Lost and Found

I was thinking recently about some of the things I’ve lost as I’ve grown older. But since I’m basically an optimist, after a while I also began to consider the good things I’ve found. I decided to make a list and try to balance lost with found.

Lost: My beloved husband after 27 years of marriage. I miss him every day. There are so many things I wish I could tell him.
Found: Sole custody of the TV remote and of my own time.

Lost: The dog I adored, who died a few years ago when he was about 15. I loved him as if he were my last child—the one who would never leave home. Dogs are so much like humans. They understand our emotions and we understand theirs.
Found: The cat who’s now the center of my life. Before Velvet came to live with me, I thought a cat would be dull company, compared to a dog, but it’s not true. In the past I’ve always had cats in multiples, sometimes with a dog as well. An only cat is something else altogether. I’m all she’s got and she’s all I’ve got. It’s a very intense relationship. And where the dog kowtowed and tried hard to please me, she treats me as if we’re equal. She’s a completely alien creature, unpredictable and therefore fascinating.

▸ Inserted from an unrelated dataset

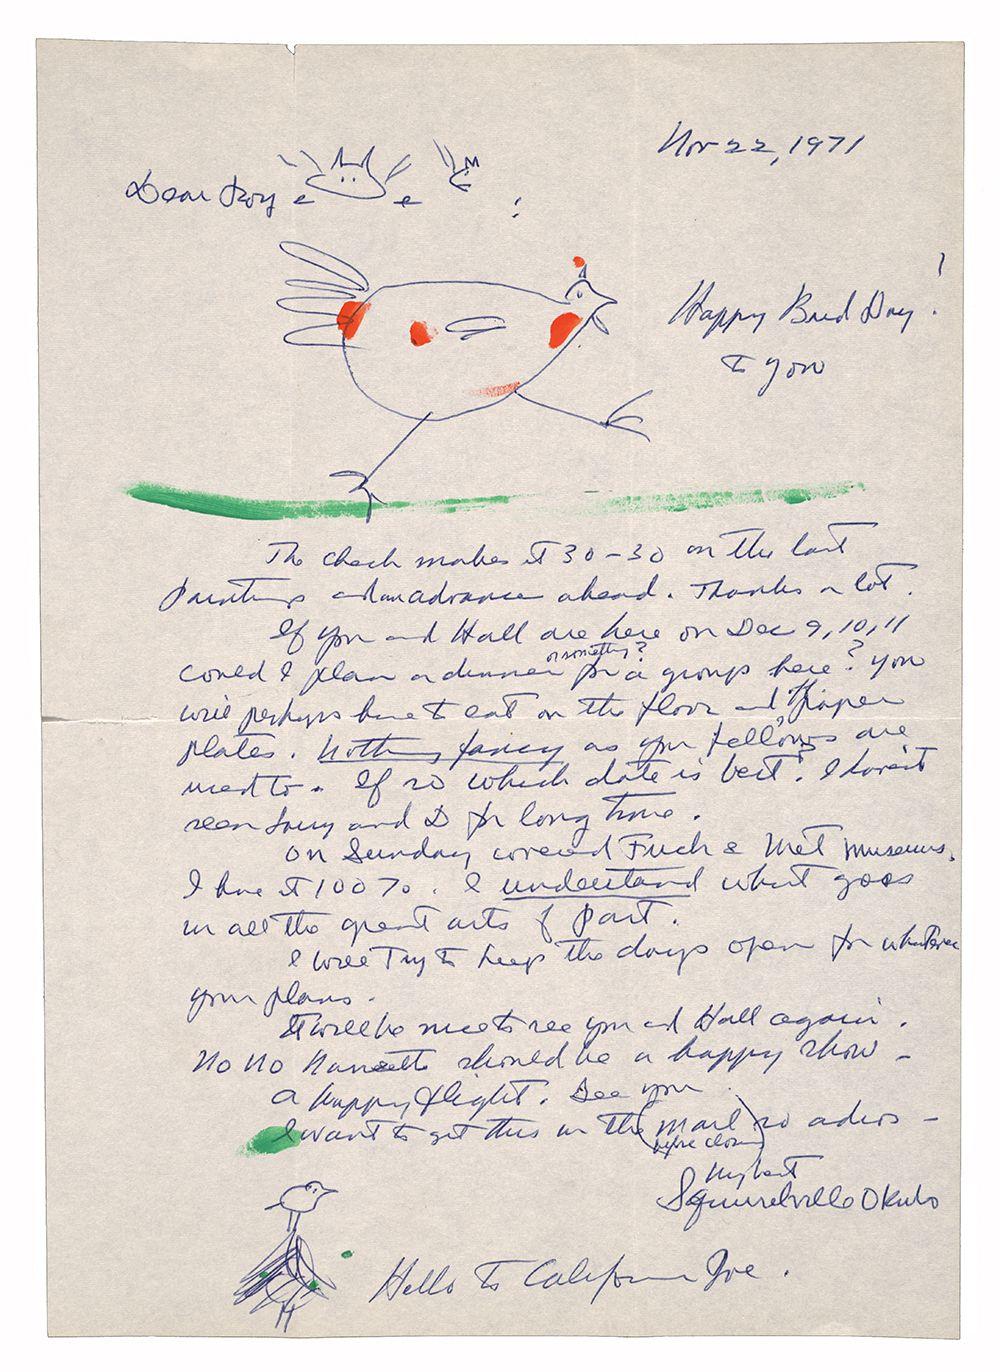 Illustrated letter sent to Roy Leeper by Mine Okubo on November 22, 1971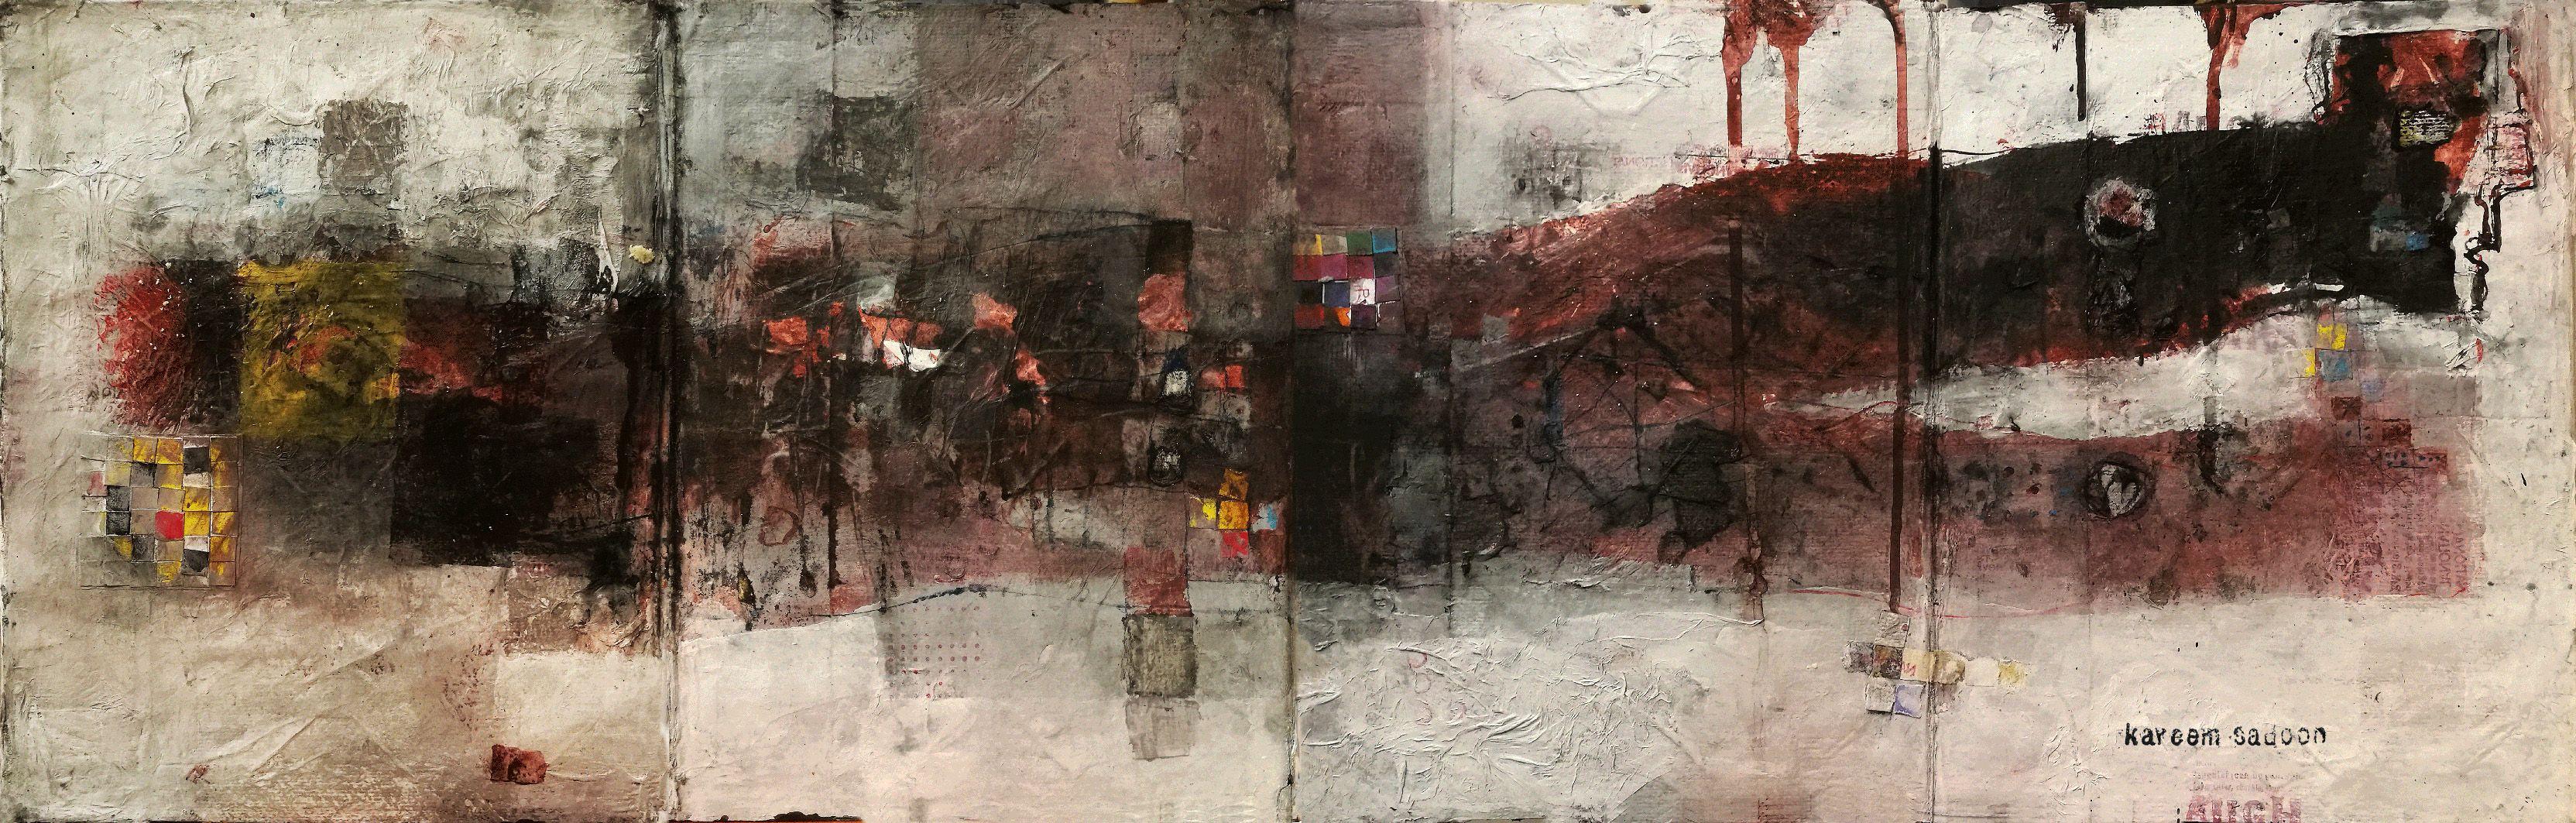 35x190cm Mixed media ov handmade paper 2017

Lost: To death, my parents, my brother and so many friends.
Found: A gut-level understanding of just how much my children and grandchildren mean to me, and how much I value and appreciate my close friends. Family and friendships are more important than career, romance or anything else. I didn’t always know that.

Lost: My ability to multitask. I used to spend my evenings reading the New York Times while watching television. I had no trouble keeping track of both. I can’t do that any longer.
Found: How satisfying it is to concentrate on one thing at a time and to succeed occasionally at living fully in the moment.

Lost: The occasional pleasure of making eye contact with a man I don’t know, or barely know, and realizing that he finds me interesting and attractive. For my part, I can still appreciate a good-looking man (I’m not dead yet). And the men who catch my eye are all ages. I’m not alone in that. A friend of mine, who’s also in her 80s, was driving her car when she spotted a middle-aged man jogging on the sidewalk. He was wearing shorts, and she was so busy appreciating his long, sinewy legs that she drove right up over the curb when she turned a corner.
Found: The freedom that comes when you just don’t much care what most people think of you. Including men.

Lost: My lifelong dream of publishing a mystery. Years ago, I actually wrote one, and my agent couldn’t find a publisher for it. It lives in a drawer in my desk.
Found: Writing that mystery was more fun than anything else I’ve ever done. The research (it was a historical mystery) and the writing took about a year and totally absorbed me. In fact, they were so much fun that I’d be willing to try again whether I ended up with a publishable book or not.

Lost: My inclination to daydream about the future, now that there isn’t nearly as much of it ahead of me. I used to spend a lot of time daydreaming.
Found: The time to dwell on memories instead. I’m fortunate enough to have lots of good ones that are fun to recall.

Lost: The sense that my future is almost limitless—or at least that death is so far off that there’s no point in thinking about it.
Found: Acceptance, mostly, that I haven’t much time left. That awareness feeds into so much of my thinking. When a pundit predicts some disaster that will probably happen by 2030 or 2050, I assume I won’t be around to experience it, and that’s a relief, though I worry about my kids and grandkids. At 83, I know I could be gone a year from now. A week from now. Tomorrow. But there’s not much I can do about that, so there’s no point in thinking about it.

Found: A new equanimity. Lots of things happen and instead of getting upset, I recall that I’ve been through similar experiences before and survived. Things are rarely as bad as we expect them to be.
Lost: That sense of equanimity when it comes to politics, which are strange and scary these days. No one has been through anything like this before.

Never lost: The feeling that there aren’t enough hours in the day for all the things I want to do.
Found: A suspicion that slow living—or slower living—could actually be a very enjoyable thing.